TITLE:
The New Silicon Triangle: Algorithmic Capital, Executive Power, and the Restructuring of U.S. Foreign Policy Decision-Making
AUTHORS:
Xiaoqing Zhang
KEYWORDS:
Artificial Intelligence, New Silicon Triangle, U.S. Foreign Policy Decision-Making, Algorithmic Politics, State-Tech Fusion, Trump Administration
JOURNAL NAME:
Open Journal of Political Science,
Vol.16 No.3,
June
15,
2026
ABSTRACT: This paper analyzes the intervention mechanisms and strategic consequences of U.S. artificial intelligence (AI) companies in U.S. government foreign, military, and diplomatic decision-making during the Trump administration’s second term. It argues that AI firms and related chip and software companies—represented by Palantir, Anthropic, OpenAI, Nvidia, and xAI—have penetrated the formulation and implementation of national foreign policy through technology embedding, personnel circulation, and data sharing, forming a tight decision-making alliance with the White House and the Department of War. This paper terms this configuration the “New Silicon Triangle” to distinguish it from the established use of the same phrase to describe the semiconductor relationship among the United States, Chinese Mainland, and the Taiwan region. While the New Silicon Triangle ostensibly enhances executive agility and accelerates resource allocation in great-power technological competition, it systematically erodes democratic accountability, fragments foreign-policy coherence, depletes soft-power resources, and subordinates strategic deliberation to commercial and computational logics.
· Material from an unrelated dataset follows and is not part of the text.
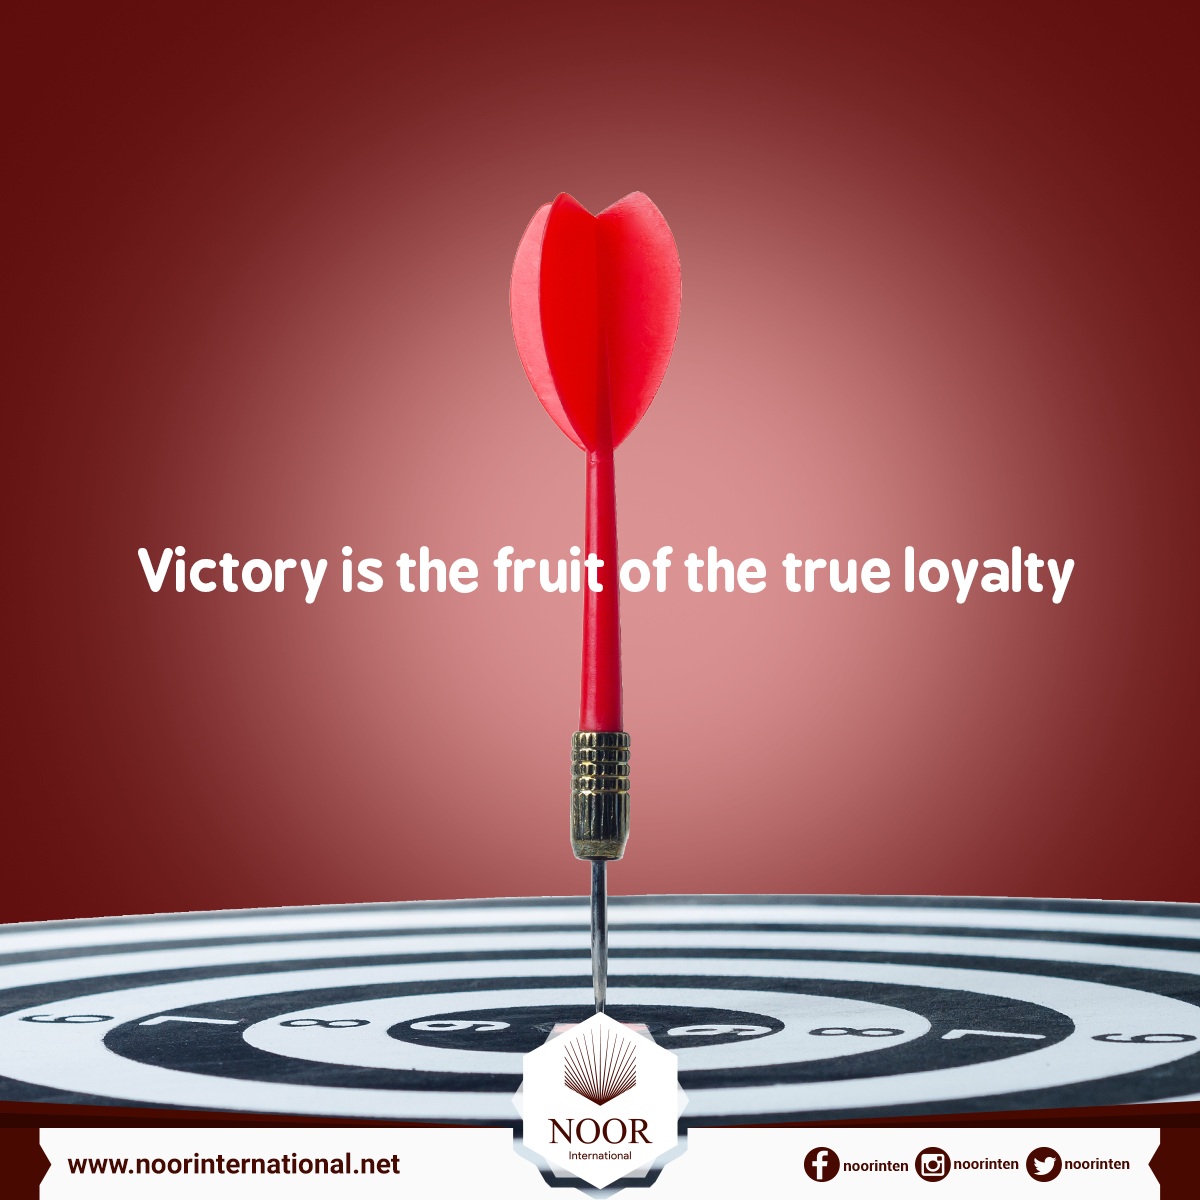 Victory is the fruit of the true loyalty

By identifying four embedding mechanisms—formal institutional restructuring, algorithmic monopoly over military power, algorithm-driven populist mobilization, and the reshaping of decision-making architecture—and five strategic consequences—cognitive closure, alliance centrifugality, policy fragmentation, soft-power depletion, and domestic democratic erosion—the paper extends the classical iron-triangle tradition, brings the algorithmic-politics literature into dialogue with Foreign Policy Analysis, and offers the first systematic mapping of Trump-era institutional innovations (DOGE, the reconstituted PCAST under tech-capital leadership, Detachment 201) as a coherent restructuring of U.S. foreign-policy decision-making. The paper concludes that the New Silicon Triangle is not a solution to the American strategic predicament but a profound manifestation of it.